Impairment of Hepatic and Renal Functions by 2,5-Hexanedione Is Accompanied by Oxidative Stress in Rats

Drug Metabolism & Toxicology Research Laboratories, Department of Biochemistry, College of Medicine, University of Ibadan, Ibadan 20005, Nigeria

Received 30 July 2014; Revised 28 September 2014; Accepted 28 September 2014; Published 15 October 2014

Academic Editor: M. Firoze Khan

Copyright © 2014 Isaac A. Adedara et al. This is an open access article distributed under the Creative Commons Attribution License, which permits unrestricted use, distribution, and reproduction in any medium, provided the original work is properly cited.

Abstract

2,5-Hexanedione (2,5-HD) is the toxic metabolite of n-hexane which is widely used as solvent in numerous industries. The present study elucidated the precise mechanism of 2,5-HD in hepatorenal toxicity by determining the involvement of oxidative stress in rats.
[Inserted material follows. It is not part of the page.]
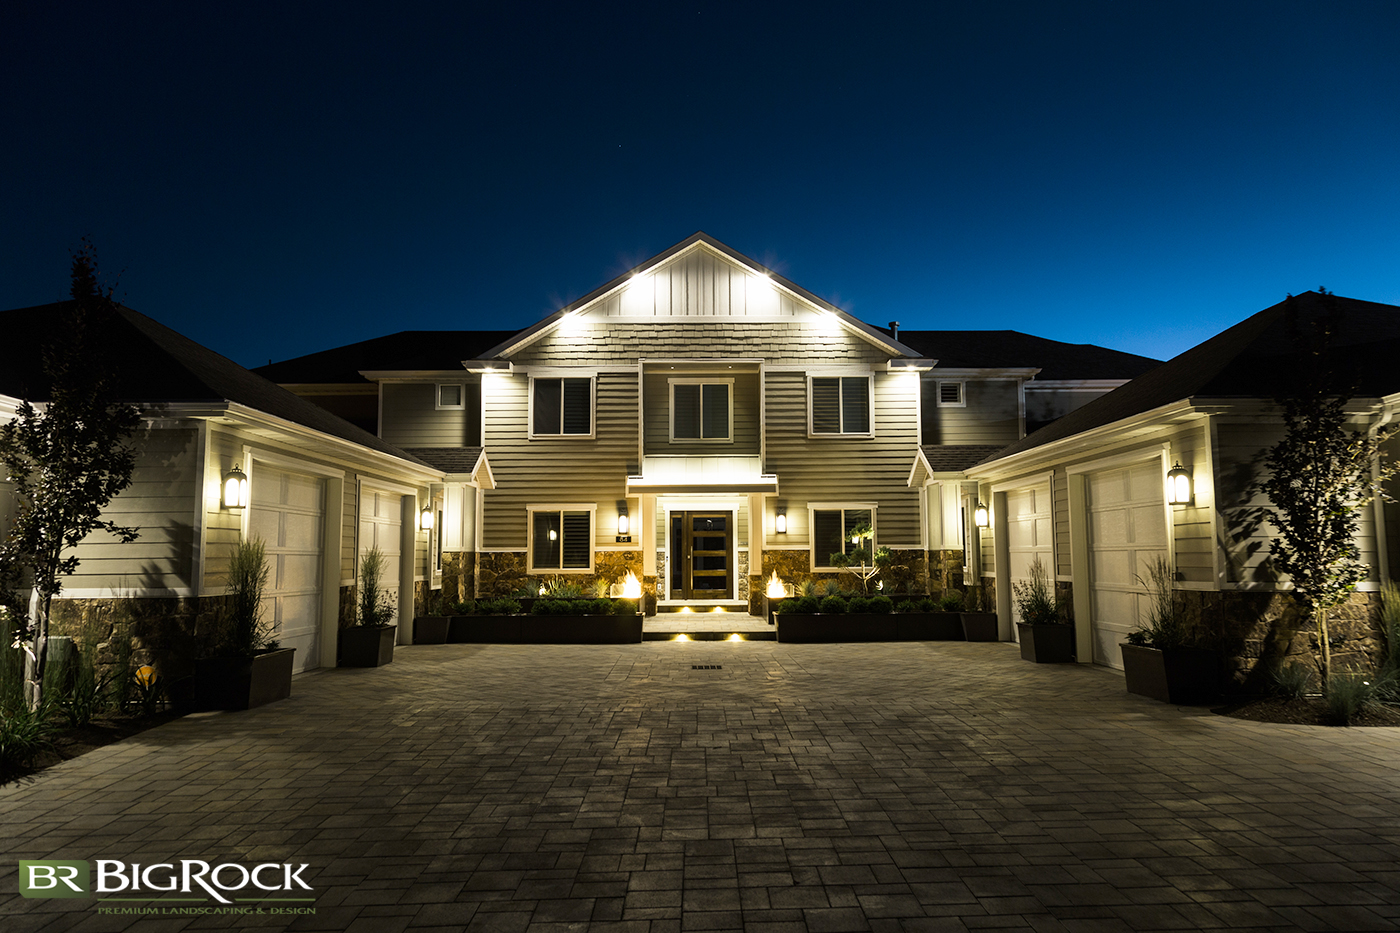 The proper outdoor lighting is essential to a well designed residential landscape. Let Utah's Big Rock Landscaping help design and install the ideal landscape outdoor lighting.

Adult male Wistar rats were exposed to 0, 0.25, 0.5, and 1% 2,5-HD in drinking water for 21 days. Exposure to 2,5-HD caused liver and kidney atrophy evidenced by significant elevation in serum aminotransferases, alkaline phosphatase, albumin, bilirubin, urea, creatinine, and electrolytes levels compared with control. The marked dose-dependent increase in total cholesterol (TC), triglyceride (TG), and low-density lipoprotein (LDL) was accompanied with significant decrease in high-density lipoprotein (HDL) levels in 2,5-HD-exposed animals when compared with the control. Administration of 2,5-HD significantly diminished glutathione (GSH) level but increased the activities of superoxide dismutase (SOD), catalase, glutathione peroxidase (GPx), and glutathione-S-transferase (GST) concomitantly with marked elevation in hydrogen peroxide (H2O2) and malondialdehyde (MDA) levels in liver and kidney of the treated groups compared with control. These findings suggest that undue exposure to 2,5-HD at environmentally relevant levels may impair liver and kidney functions through induction of oxidative stress.